Хорошо бы демократизировать образ Швейцарии, – посоветовал мне коллега, ныне работающий на Switzerland Tourism и возивший нас в Швейцарию специально для этой цели.
Если демократизировать, я всегда пожалуйста. Большинству населения, в которое до недавнего времени входил и я, Швейцария представляется как огромный, идеально неприступный банк, полный сыра. Но неделя в Альпах, среди романтических вершин, крошечных черепичных гостиниц и чрезвычайно обильной пищи, сегодня стоит почти столько же, сколько неделя в Анталии или Тунисе. Пытаясь максимально приблизить к читателю недавно ещё элитарную страну, куда и новых русских-то пускали через одного, я расскажу пару историй из собственного опыта: всё это могло иметь место только в Швейцарии и нигде более.
Вид швейцарок будил мою прихотливую похоть. Вот уже три дня, как я не знал женщины. Я не изменяю жене, но сам процесс кадрёжки для меня не менее ценен, чем её результат. К тому же я никогда не кадрил швейцарку. Чтобы ликвидировать этот пробел в своём образовании, я склонил музыкального критика Ухова прошвырнуться по берегу Люцернского озера и склеить симпатичную люцерночку хотя бы на предмет поболтать о джазе.

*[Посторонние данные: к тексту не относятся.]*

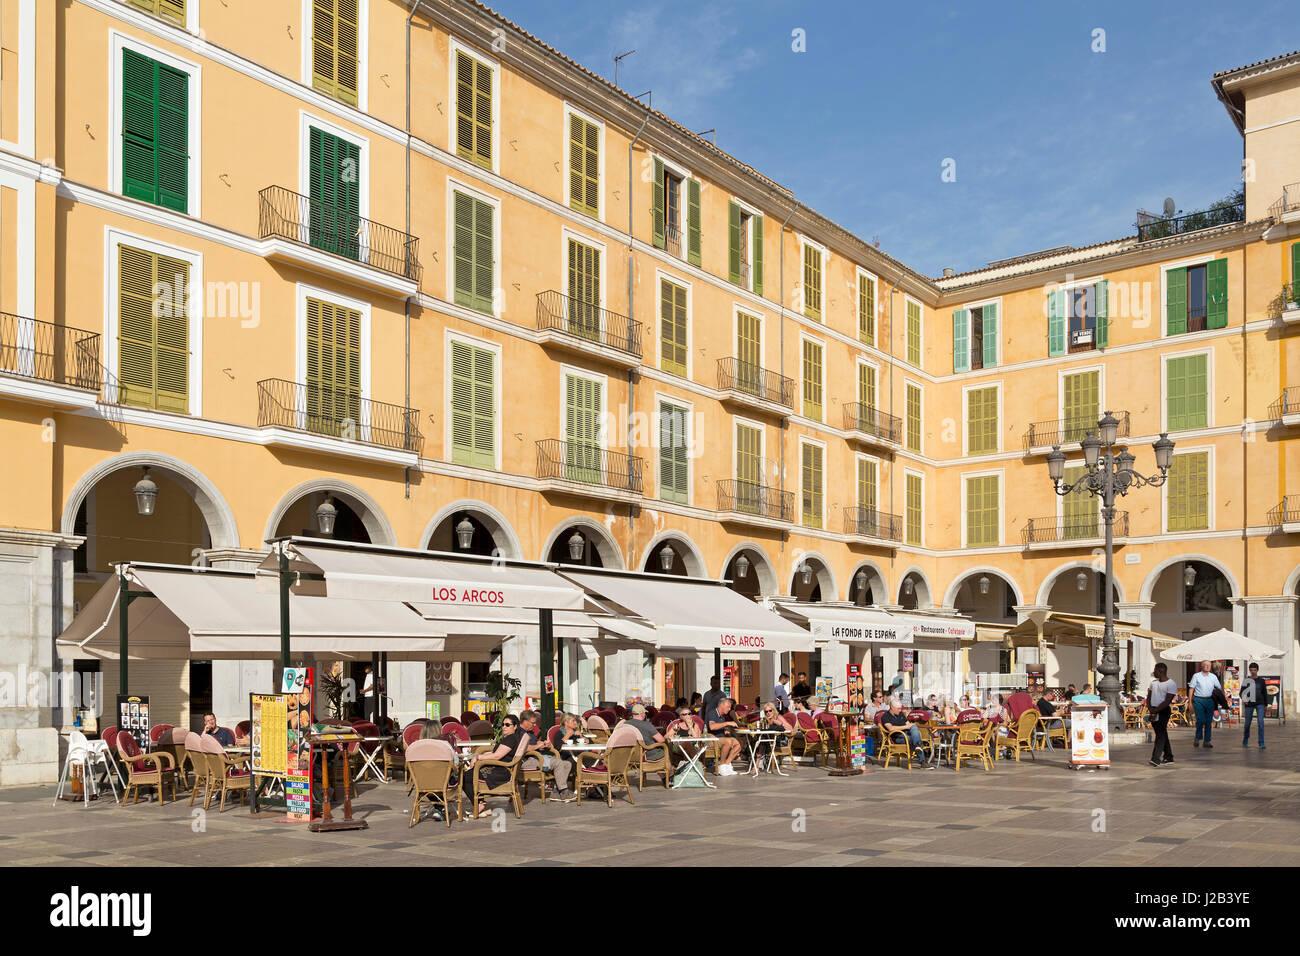 Placa Major in Palma de Mallorca, Spain Stock Photo

Мы шли по набережной, распаляя друг друга подробностями предстоящего знакомства. Ухов, пять лет назад читавший тут лекции о советском андеграунде, поведал, что, если швейцарка позволила пощекотать пальцем свою ладонь во время рукопожатия, она позволит пощекотать что угодно и чем придётся. Ухов продемонстрировал этот жест, пожимая мне руку, и этим возбудил окончательно.
Внезапно метрах в пяти от набережной, в исключительно прозрачной воде, я увидел вполне целый на вид дамский велосипед – не водный, обычный, красный, с пятью скоростями. В Москве-реке, скорее всего, я не увидел бы его и в трёх метрах от берега. Здесь же он просвечивал со всеми своими бликами.

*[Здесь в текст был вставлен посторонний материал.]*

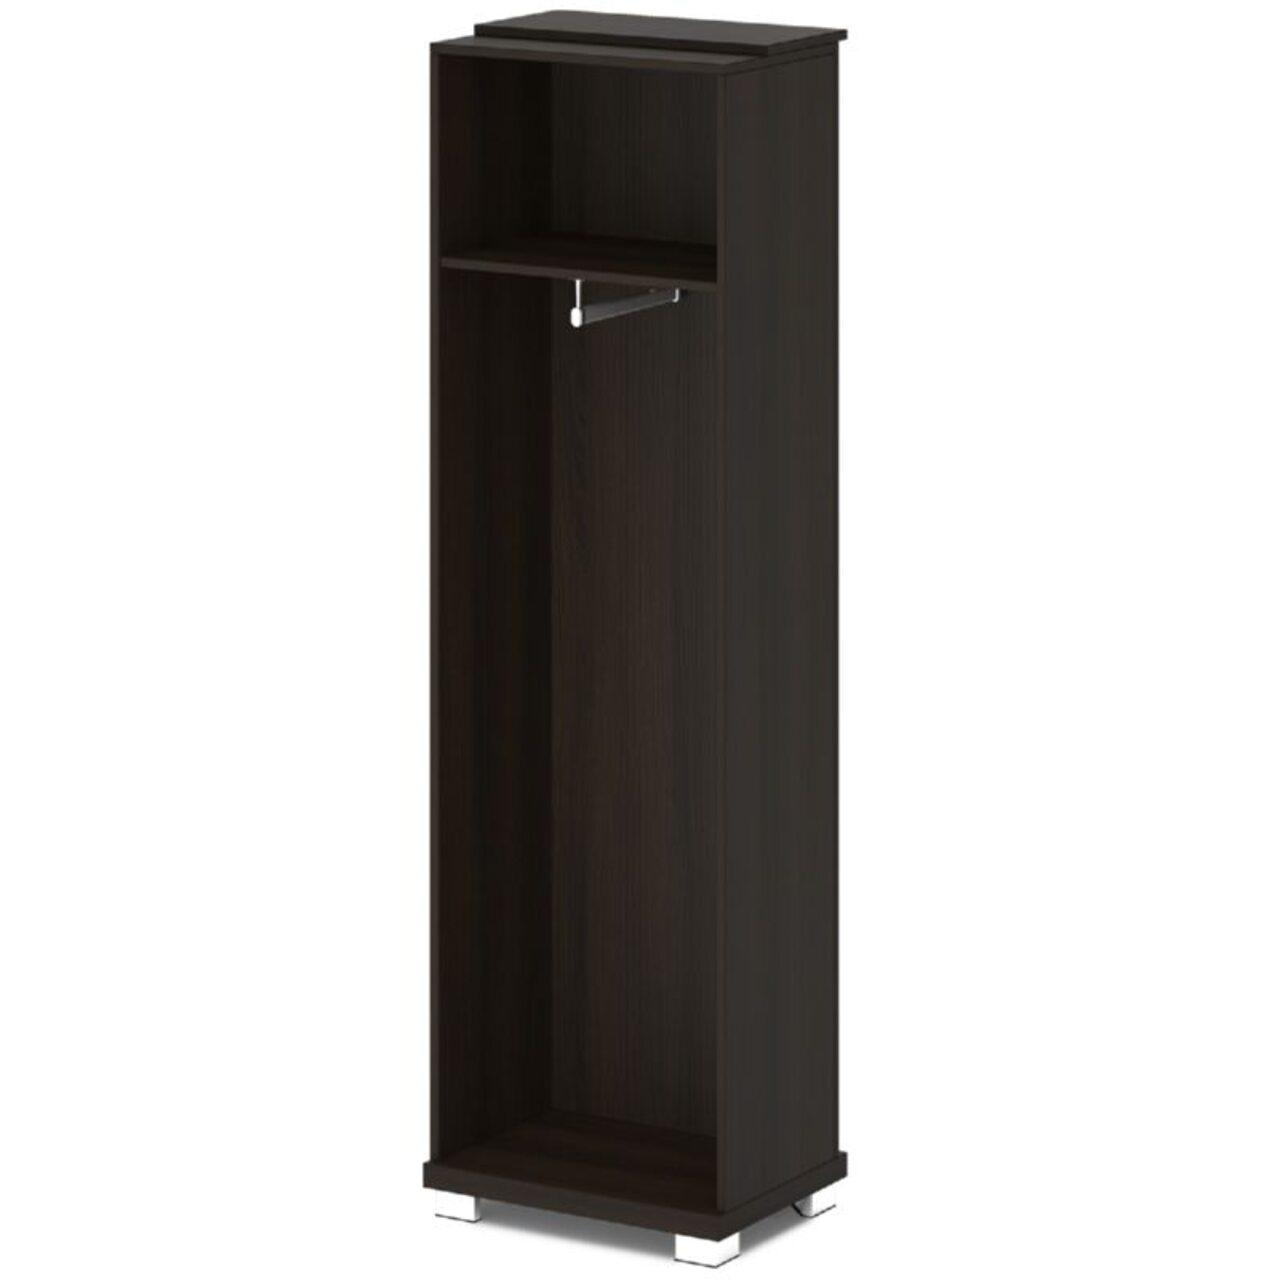 Каркас шкафа для одежды центральный - фото 4

– Как ты полагаешь, – спросил я Ухова, – откуда здесь мог взяться велосипед?
– Кому-то не достался водный, и он поехал на обычном, – предположил Ухов. – Но велосипед дал течь и утонул.
– Нет, это вряд ли. Скорее всего, этот велосипед послужил орудием убийства.
Некоторое время мы прикидывали, кого и как можно убить дамским велосипедом, но рассудили, что бить им по голове неудобно, а сбить насмерть можно разве что насекомое.
– Скорее всего, его спёрли, но обнаружили неисправность и выкинули, – решил Ухов.
– Спорим, он исправен?
– Спорим. А как ты проверишь?
– А я его сейчас выну.
– Ты что! – принялся урезонивать меня Ухов, человек в высшей степени европейский и законопослушный. – Ты при всех в центре Европы полезешь в воду за велосипедом?
– А что?
– Но, может быть, это наркоман какой-нибудь врезался в воду с передозы! – искал аргументы Ухов. – Может, он весь в СПИДу, этот велосипед.
– СПИД давно смылся, в воде-то.
Я сел на парапет, опустил ноги в воду и мягко сполз. Воды мне было примерно по то самое место, где грудь переходит в брюшко. Ухов некоторое время пометался по берегу, явно пытаясь примирить в себе русского шестидесятника и европейски известного критика. В конце концов шестидесятник победил. Он лёг на живот и выхватил из воды нас обоих – сперва мой трофей, потом меня.
Машина была в идеальном порядке, с ручным тормозом, переключателем скоростей и даже со звонком – только одна педаль погнулась при падении да приспустило переднее колесо, но это вещь поправимая.
– Нет, он точно не ездит, – грустно сказал Ухов, обнаружив, что машину заклинивает на втором повороте педали. – Его потому и выкинули. Вор украл велосипед, понял, что он на замке, и концы в воду.
– На что спорим, что я сейчас на нём поеду?
– На десять франков, – гордо сказал Ухов.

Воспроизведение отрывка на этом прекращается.